Любава, казалось, исчерпала все силы и возможности. Она включала и дипломатию, и терпение и разговоры, как ей казалось весьма убедительные, но чтобы она ни делала всегда оставалась «крайней», виноватой.
Макс моментально забывал всё, что делала она, и помнил только то, что было выгодно ему. Может быть, и действительно забывал, а может быть, как это было свойственно ему, и притворялся – это было очень выгодно – не знаю, не помню, не ведаю, класс!
Их дом оказался с одной стеной…. Долго ли он мог простоять без опоры? Вряд ли….
Но их дом простоял довольно долго, благодаря тому, что Любава постоянно пыталась понять и оправдать Максима, считая, что мужчина не должен держаться за женскую юбку, и это было правдой, она действительно так думала.
Те, кто их знал, говорили, что этот дом держится только на Люше, - и, наверное, это было правдой. Максим не смог бы ужиться и прожить так долго с кем-то другим, его энергии хватало ненадолго – это были лишь небольшие всплески….
В его природе не было заложено любви, и постоянства к кому бы то ни было, кроме себя.
Когда-то, когда они только приобрели садовый участок, Максиму прооперировали ногу (у него были плохие вены) и Люша освободила его от всевозможного вскапывания земли – так с тех пор и копает сама, несмотря на свой хронический радикулит, и Макс принимает это как должное. С тех пор она стала заложницей его ног, как что-то не так ноги выкладываются на стол в большой комнате на показ, и начинается процедура их обихаживания.
В Сочи он, оказывается, ездит тоже ради ног, хотя они давно в очень приличном состоянии – но они причина, и это главное. С того времени, когда они действительно требовали ухода, прошло очень много времени, он давно бегает без всякой меры, но всё остальное не меняется.
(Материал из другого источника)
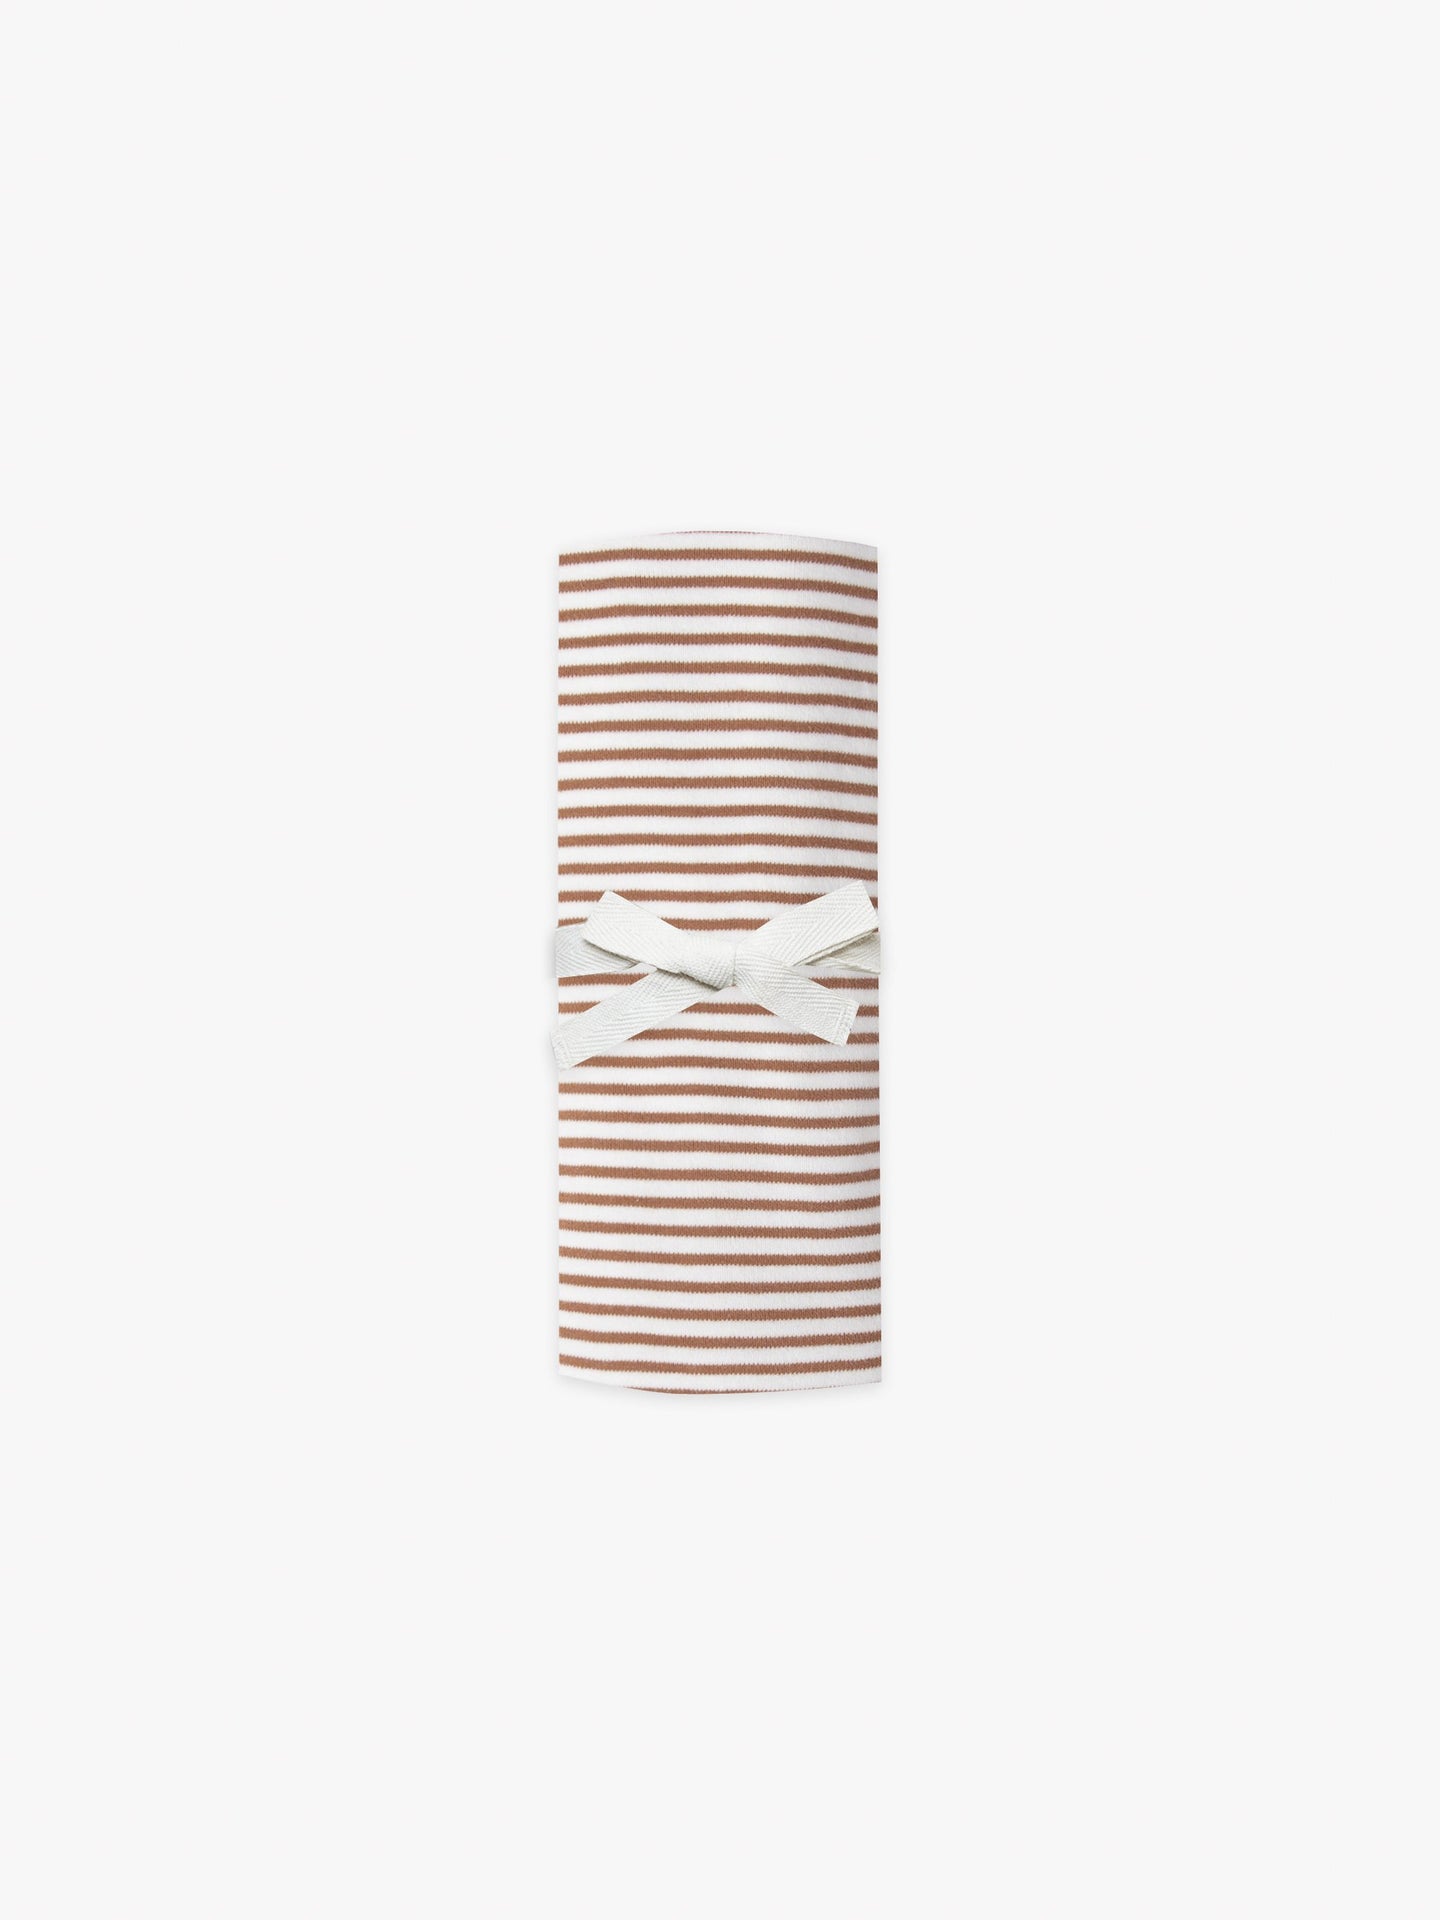 Quincy Mae - Organic Brushed Jersey Baby Swaddle - Rust Stripe

Так Любава поступала во всём – прежде того, чтобы ему что-то сказать, думала: - Нет, ему нельзя этого говорить – это его обидит - а, выйдя на пенсию, взяла всю работу по дому на себя и с тех пор: делает сама ремонт; перетягивает кресла; клеит потолки; меняет лампочки; чинит различную технику, а её уставший муж качается и качается в кресле….
Где-то она, похоже, переборщила со своей услужливостью: для неё он всегда был усталым, а на работе ей говорили, что он такой молодой и резвый и ещё как сказала одна дама: «Он у вас такой податливый» - вот тебе и раз, а ты паши, Люша, паши….
Если бы мы могли жить дольше, то наш мир с таким отношением друг к другу был бы заполнен рухнувшими стенами и битыми кирпичами.
Но у Любавы ещё есть время подумать. На даче она пробудет до октября месяца и сейчас ей не хочется портить себе лето а, памятуя о мистике их взаимоотношений, жизнь говорит, что торопиться ей не следует…. Терять не так-то легко, разрушить гораздо легче.
Обида пройдёт, а вот уйдёт ли женщина…. Вопрос остаётся открытым……

Минует, чаша нас сея:
- Утрату близких, испытать –
Разлука с жизнью не страшна.
        Страшно терять!

Как-то они с Митей путешествовали по Днепру на водной «Ракете». Их туристическая группа остановилась на базе, расположенной прямо на берегу Днепра в Каховке, получившей известность, благодаря песне.
Утром, плотно позавтракав, на автобусе отправились смотреть заповедник Аскания – Нова. Ехали долго, не менее двух часов. Сидели с Митей в обнимку, их тогда приняли за любовников, позднее узнав, что он её сын, признались ей в этом и посмеялись.
Любаву тогда больше всего поразила дорога в заповедник. Они ехали на стареньком львовском автобусе, который нещадно коптел под открытым солнцем, дышать было нечем, Любаву укачивало, и вдруг открылось непередаваемое зрелище: огромное золотое поле спелой пшеницы с тяжёлыми колосьями, касающимися земли, а в центре этого золотого поля тройка вздыбленных лошадей, закусивших удила и впряжённых в тачанку.
Лоюбава почему-то подумала о людях стремившихся, сделать себя и других счастливыми, но сложивших свои головы в этом золотом поле, и не дождавшихся для себя лучшей жизни.
Почему дорога к этой лучшей жизни должна быть пропитана чьей-то кровью, и неужели счастья не добыть по-другому? Не зря же говорят: «На чужом горе счастья не построишь».